» DATASET EXTRACT:
-=-=-=-=-

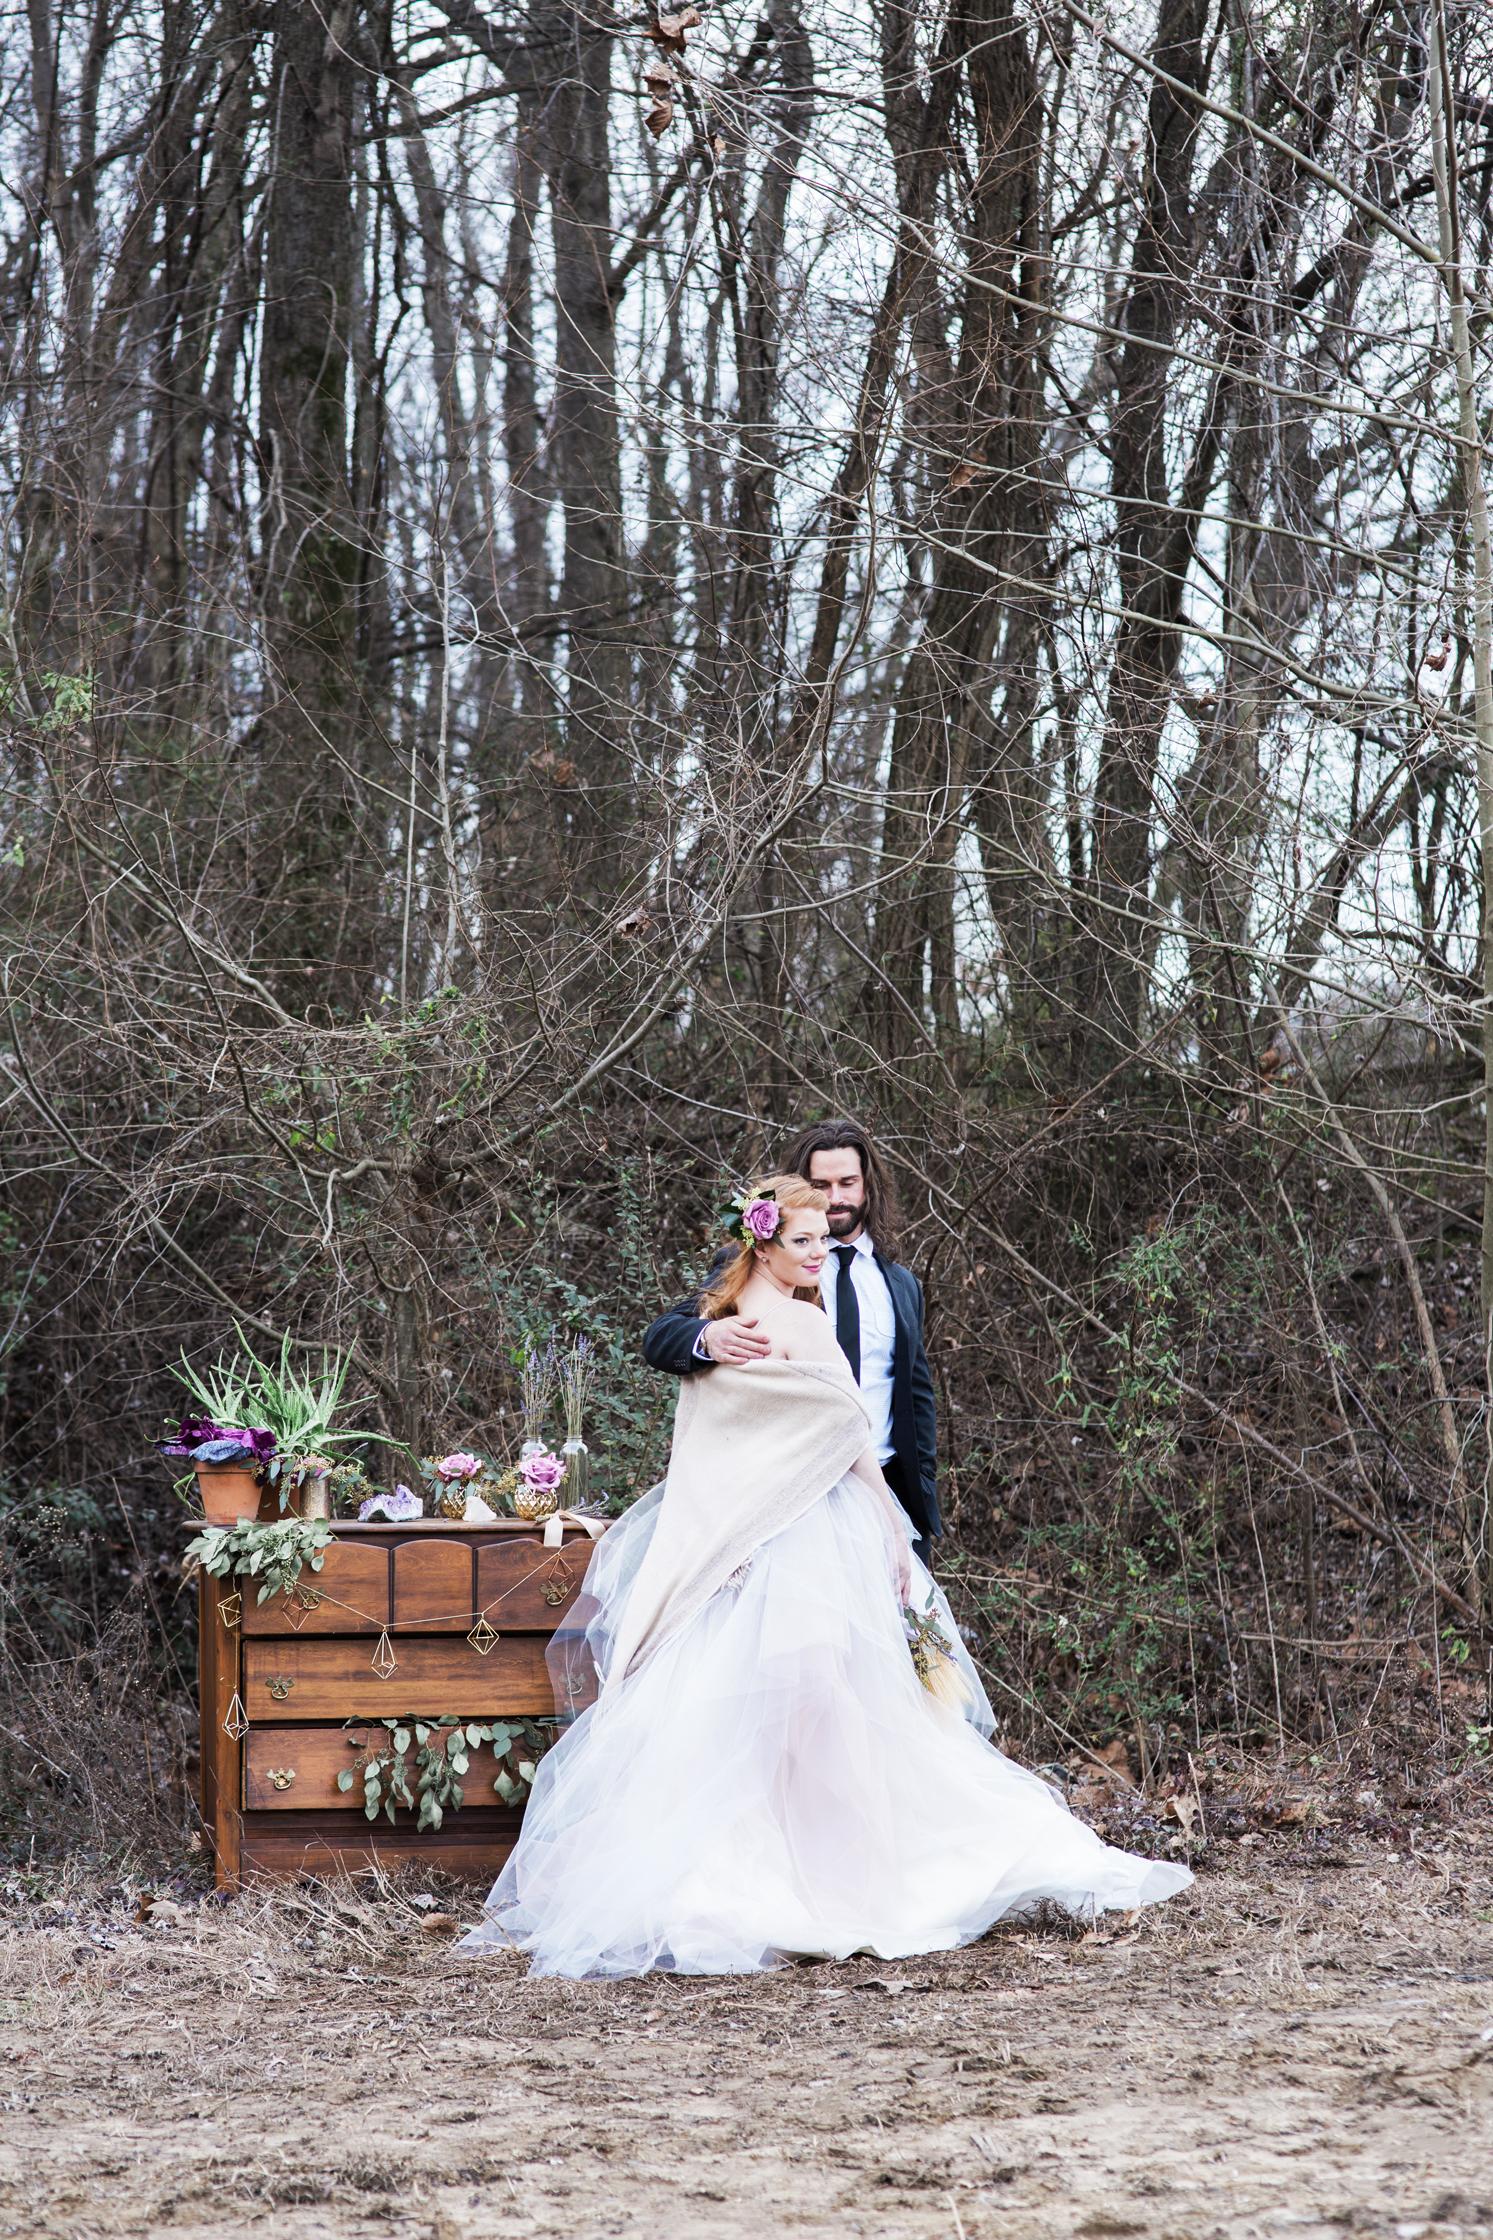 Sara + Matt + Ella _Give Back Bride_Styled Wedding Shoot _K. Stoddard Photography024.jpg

-=-=-=-=-

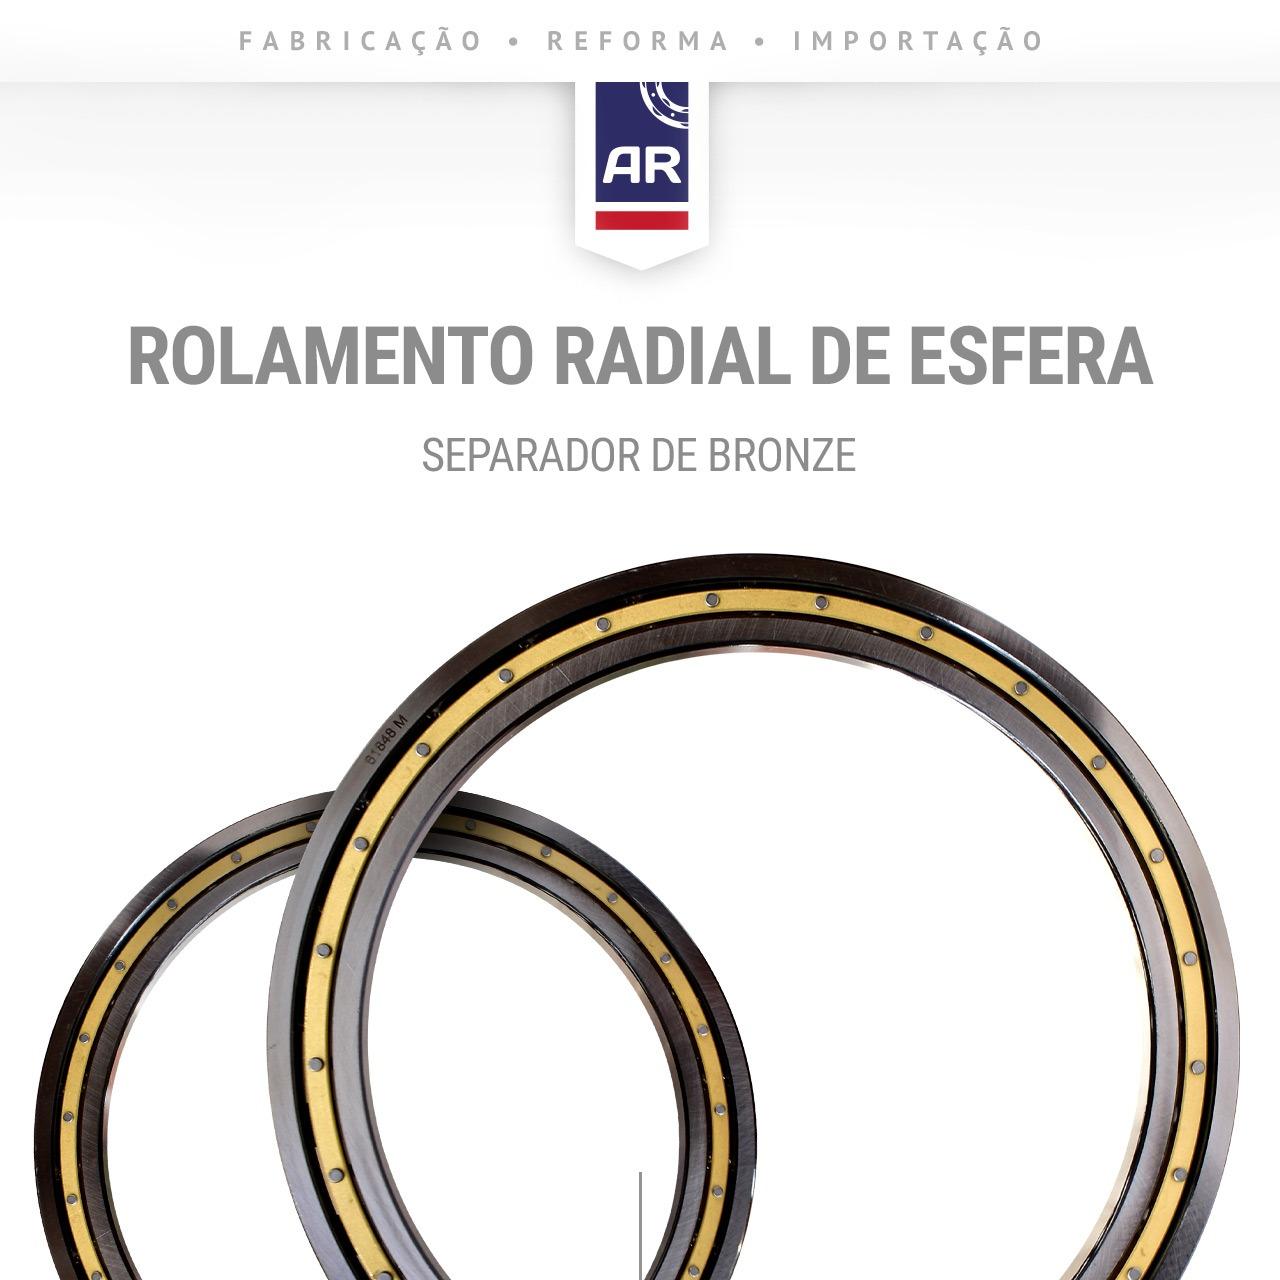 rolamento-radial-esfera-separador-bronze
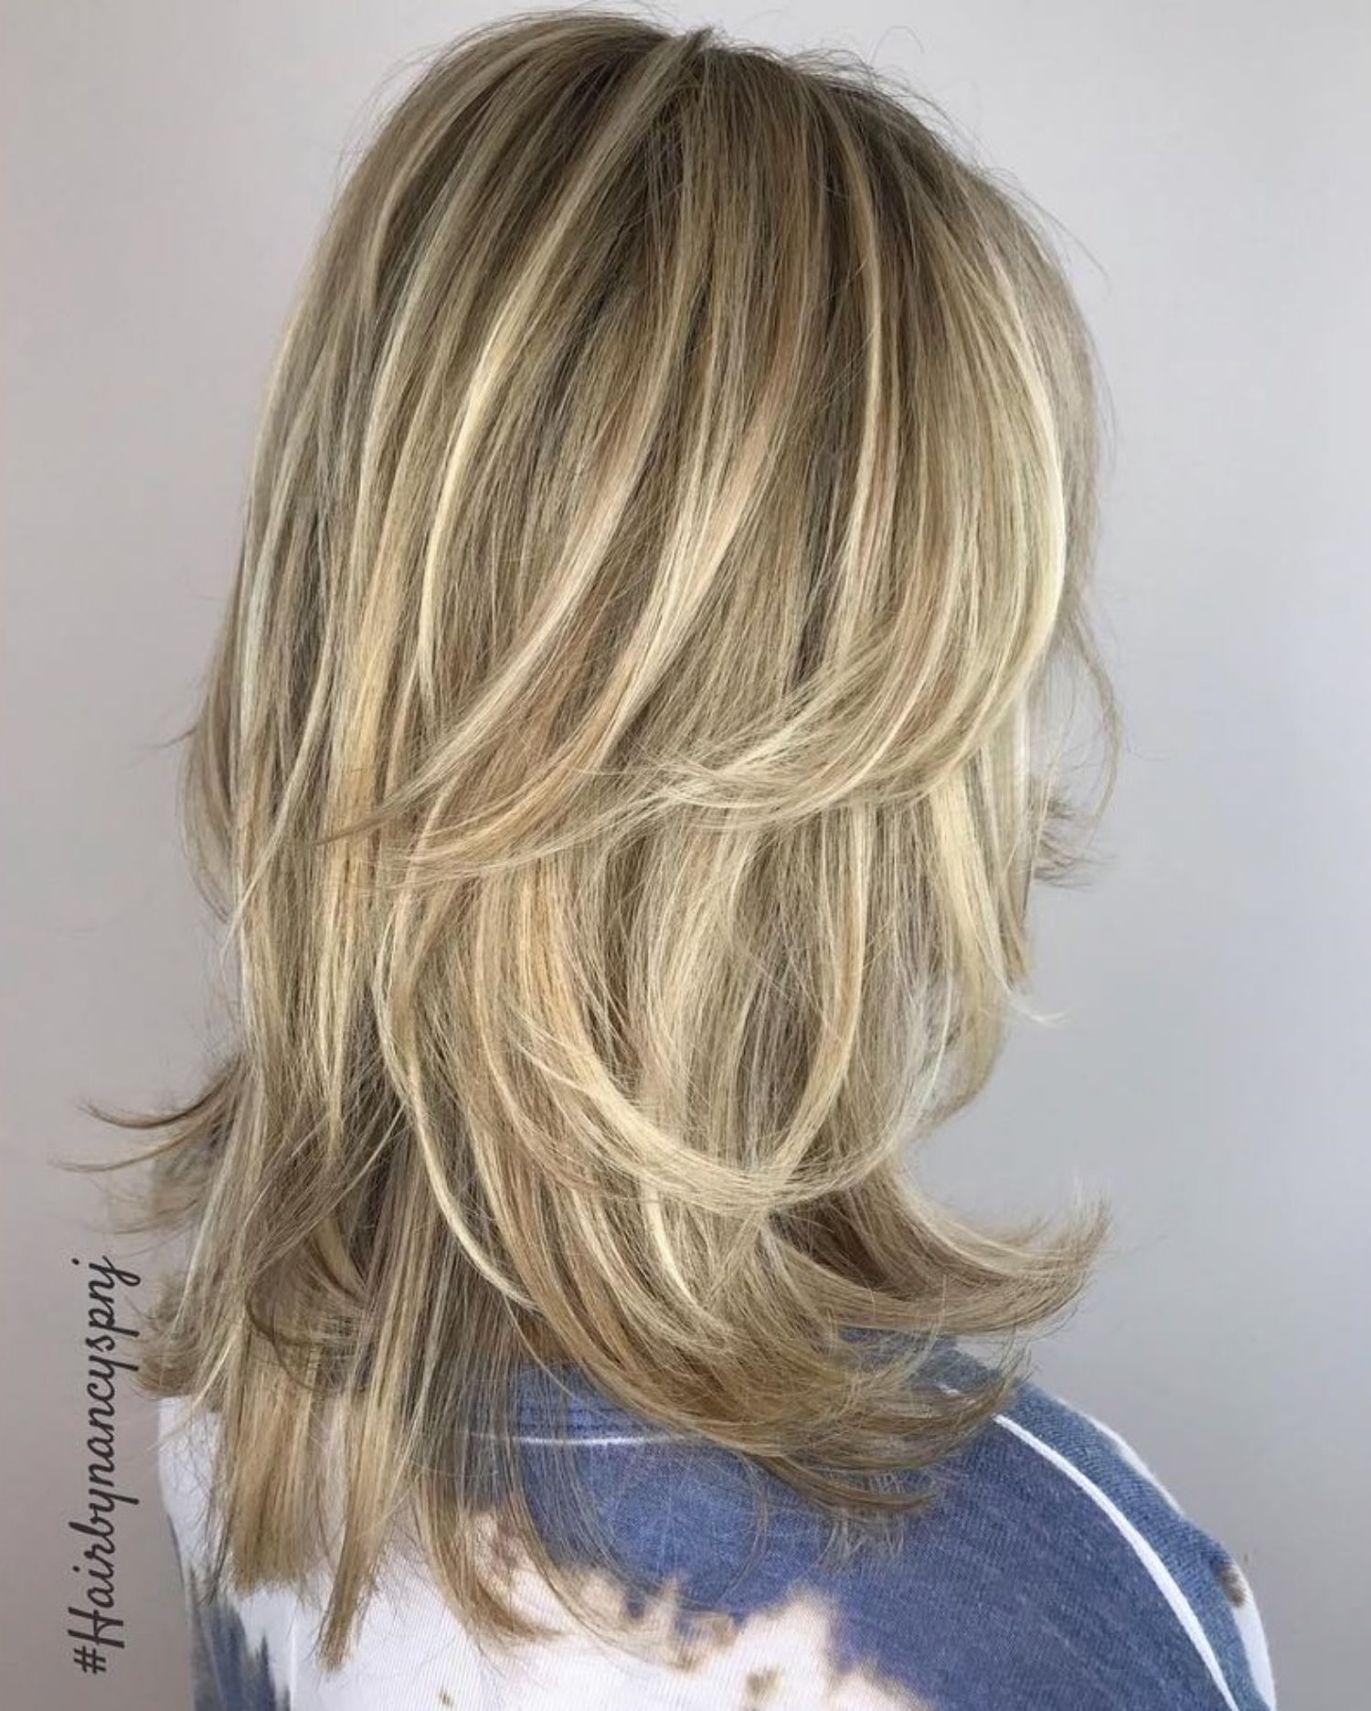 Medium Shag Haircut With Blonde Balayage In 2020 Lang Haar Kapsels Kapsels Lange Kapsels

-=-=-=-=-

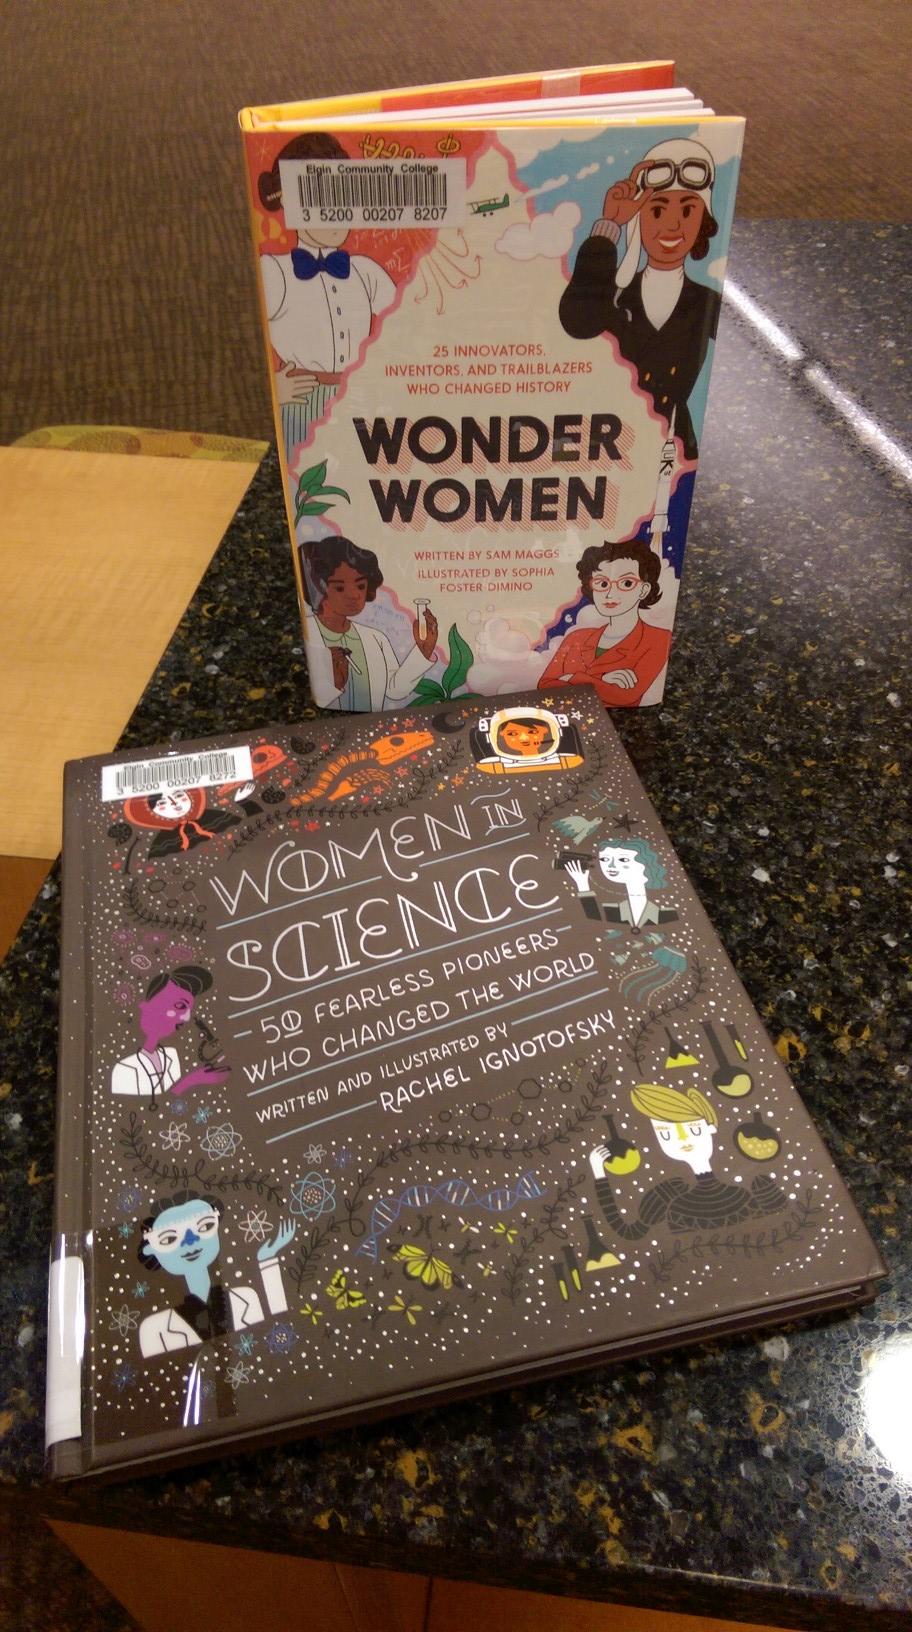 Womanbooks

-=-=-=-=-

Would you copy the lines above exactly, starting with the one that has "rolamento-radial-esfera-separador-bronze" and ending with the one that has "Medium Shag Haircut", both included, without the pictures?

 rolamento-radial-esfera-separador-bronze
 Medium Shag Haircut With Blonde Balayage In 2020 Lang Haar Kapsels Kapsels Lange Kapsels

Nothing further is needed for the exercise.